Define sleep apnea, the two subtypes, and the most common treatment.

Sleep apnea is defined by episodes during which a sleeper's breathing stops. Sleep apnea episodes can last 10-20 seconds or longer and often are associated with brief periods of arousal. While individuals suffering from sleep apnea may not be aware of these repeated disruptions in sleep, they do experience increased levels of fatigue. Many individuals diagnosed with sleep apnea first seek treatment because their sleeping partners indicate that they snore loudly and/or stop breathing for extended periods of time while sleeping (Henry & Rosenthal, 2013). There are two main types of sleep apnea: obstructive sleep apnea, listed as obstructive sleep apnea hypopnea (OSAH) in the DSM-5, and central sleep apnea. Obstructive sleep apnea occurs when an individual's airway becomes blocked during sleep and air is prevented from entering the lungs. It is diagnosed if a person has at least five obstructive apneas per hour of sleep combined with breathing disturbances such as snoring and daytime sleepiness or at least fifteen obstructive apneas per hour of sleep without other symptoms. The apnea is characterized by at least ten-second disturbances in breathing. In central sleep apnea (CSA), disruption in signals sent from the brain that regulate breathing cause periods of interrupted breathing (White, 2005). Central sleep apnea is less common than obstructive sleep apnea hypopnea (OSAH) and is more commonly associated with illnesses. One of the most common treatments for sleep apnea involves the use of a special device during sleep. A continuous positive airway pressure (CPAP) device includes a mask that fits over the sleeper's nose and mouth, which is connected to a pump that pumps air into the person's airways, forcing them to remain open, as shown in Figure 1. Some newer continuous positive airway pressure (CPAP) masks are smaller and cover only the nose. This treatment option has proven to be effective for people suffering from mild to severe cases of sleep apnea (McDaid et al., 2009). However, alternative treatment options are being explored because consistent compliance by users of continuous positive airway pressure (CPAP) devices is a problem. EPAP (excitatory positive air pressure) device has shown promise in double-blind trials as one such alternative (Berry, Kryger, & Massie, 2011). Treatment of sleep apnea also involves treading comorbid medical conditions, sometimes through surgery or medications.

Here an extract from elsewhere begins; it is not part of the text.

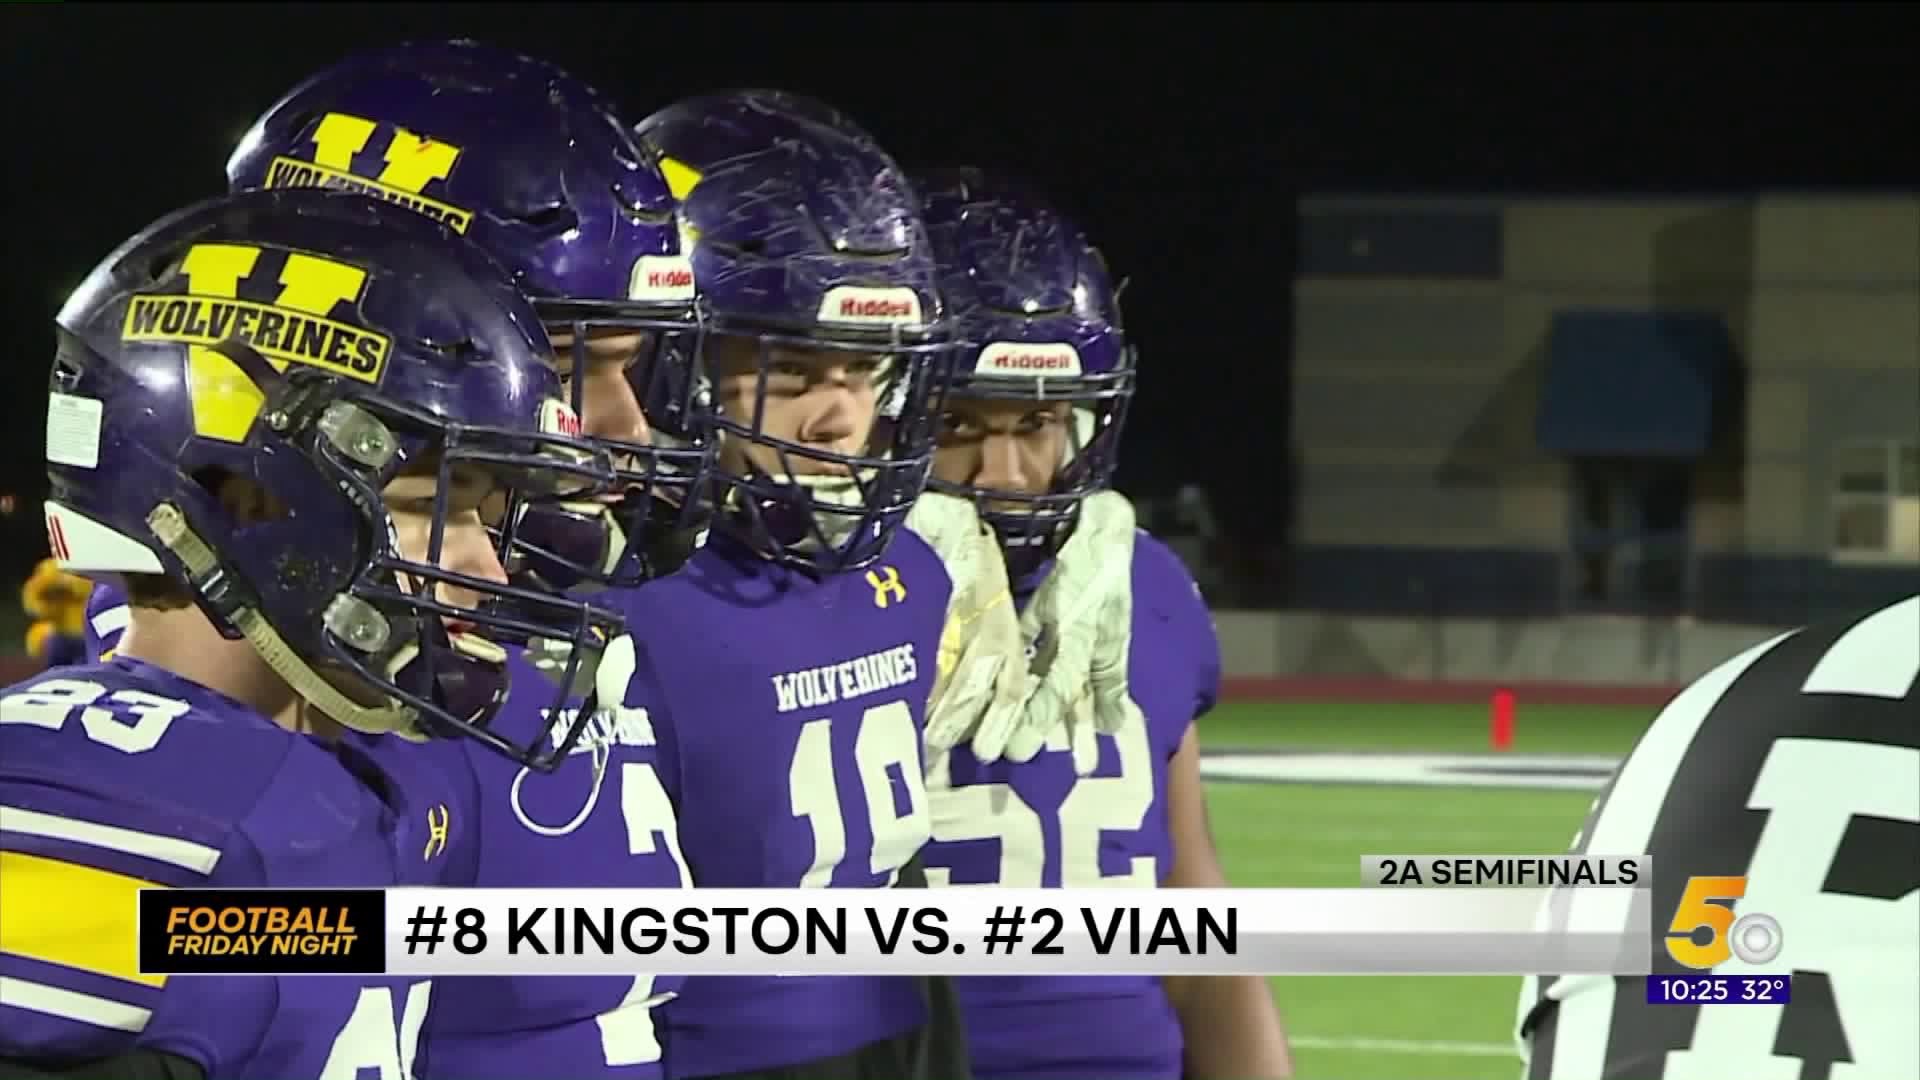 Kingston vs Vian

Describe how hormones and sleep interact.

Sleep-wake cycles seem to be controlled by multiple brain areas acting in conjunction with one another. Some of these areas include the thalamus, the hypothalamus, and the pons. As already mentioned, the hypothalamus contains the SCN—the biological clock of the body—in addition to other nuclei that, in conjunction with the thalamus, regulate slow-wave sleep. The pons is important for regulating REM sleep (National Institutes of Health, n.d.). Sleep is also associated with the secretion and regulation of a number of hormones from several endocrine glands, including melatonin, follicle stimulating hormone (FSH), luteinizing hormone (LH), and growth hormone (National Institutes of Health, n.d.). You have read that the pineal gland releases melatonin during sleep (Figure 2). Melatonin is thought to be involved in the regulation of various biological rhythms and the immune system (Hardeland et al., 2006). During sleep, the pituitary gland secretes both FSH and LH, which are important in regulating the reproductive system (Christensen et al., 2012; Sofikitis et al., 2008). The pituitary gland also secretes growth hormone during sleep, which plays a role in physical growth and maturation as well as other metabolic processes (Bartke, Sun, & Longo, 2013).